More aggressive is Marcy Dawson (Pamela Hart), a smarmy, sinister Wall Street functionary stalking Max and tempting him with state-of-the-art computer equipment. Max's motives, it seems, are not entirely scientific -- should he succeed, he would not only decipher the identity of God but would crack the code of the fluctuations of Wall Street, which as marginal glimpses of newspaper headlines indicate is undergoing a crash that makes 1929 look like a mild corrective dip.

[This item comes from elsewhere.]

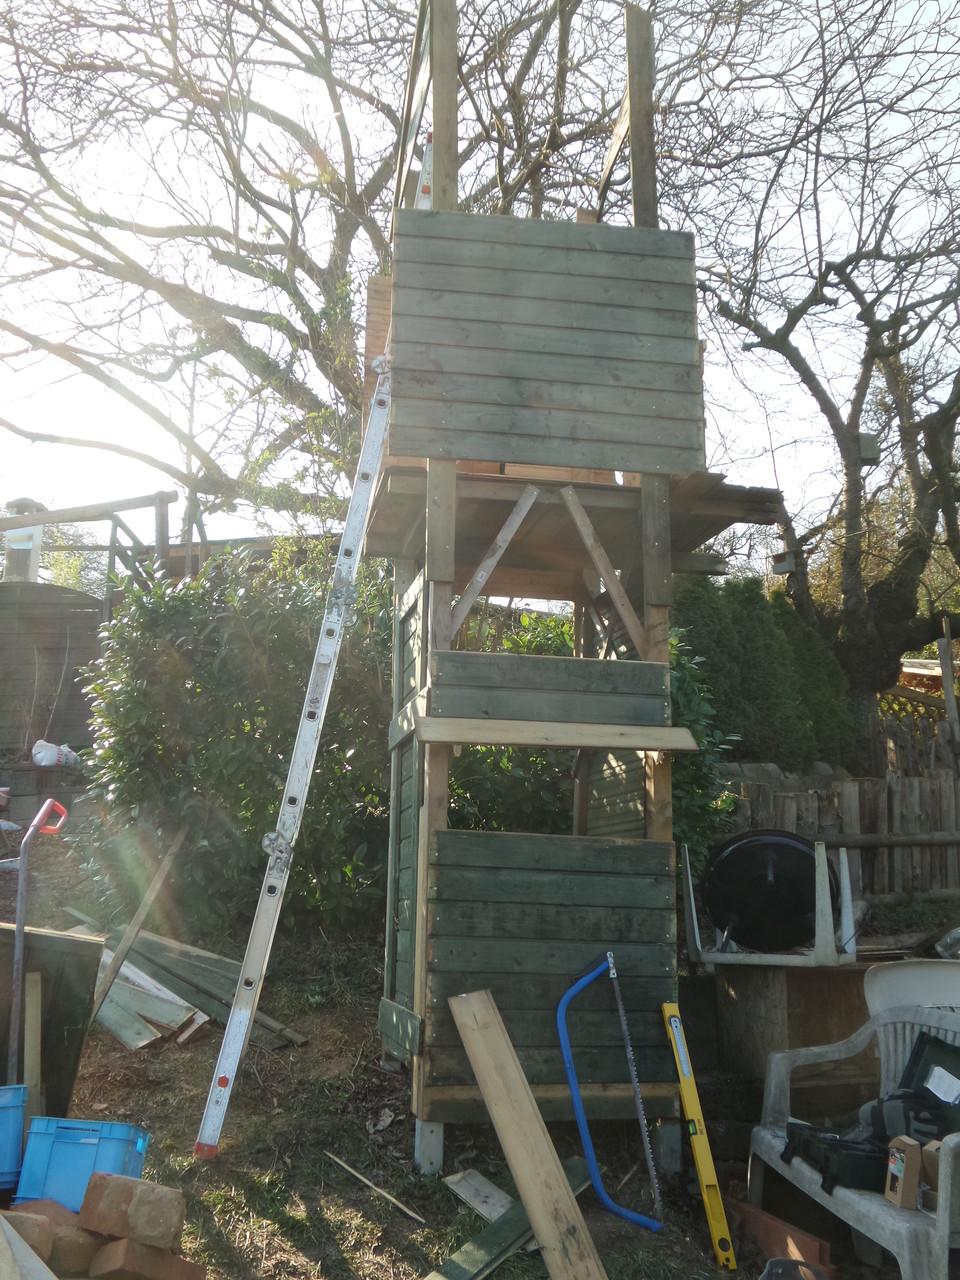 2 Giebelteile fürs Dach, erster Test ob es hält ... lieber noch ein paar Schrauben zusätzlich.

The underground battle between ringleted Chassidim and power-suited brokers, with the threat of Japanese interlopers lurking in the background, has a certain surreal appeal, and it puts the imploding ordeal of Max's Promethean hubris in a cartoonishly apocalyptic perspective. Although it provides black comic relief, it seems ultimately irrelevant. What is inescapable is Max's solitary drive toward forbidden knowledge, a drive made almost unbearable by the film's relentless subjectivity. The patterns of cigarette smoke, the sweaty claustrophobia of subway cars, the occasional ant exploring an electrical fixture -- these only reflect his obsession, leading him to madness or enlightenment, or both.

The ending of Pi is mind-boggling but unsatisfactory. Which is to be expected -- the number, after all, is infinite and devoid of point or pattern. Aronofsky gets into the trap of posing an ingenious conundrum and then trying to solve it. And it's hard not to dwell on that conundrum long after the film is over. Haunting in its bold style and speculations, Pi may be hard to swallow but is well worth a taste.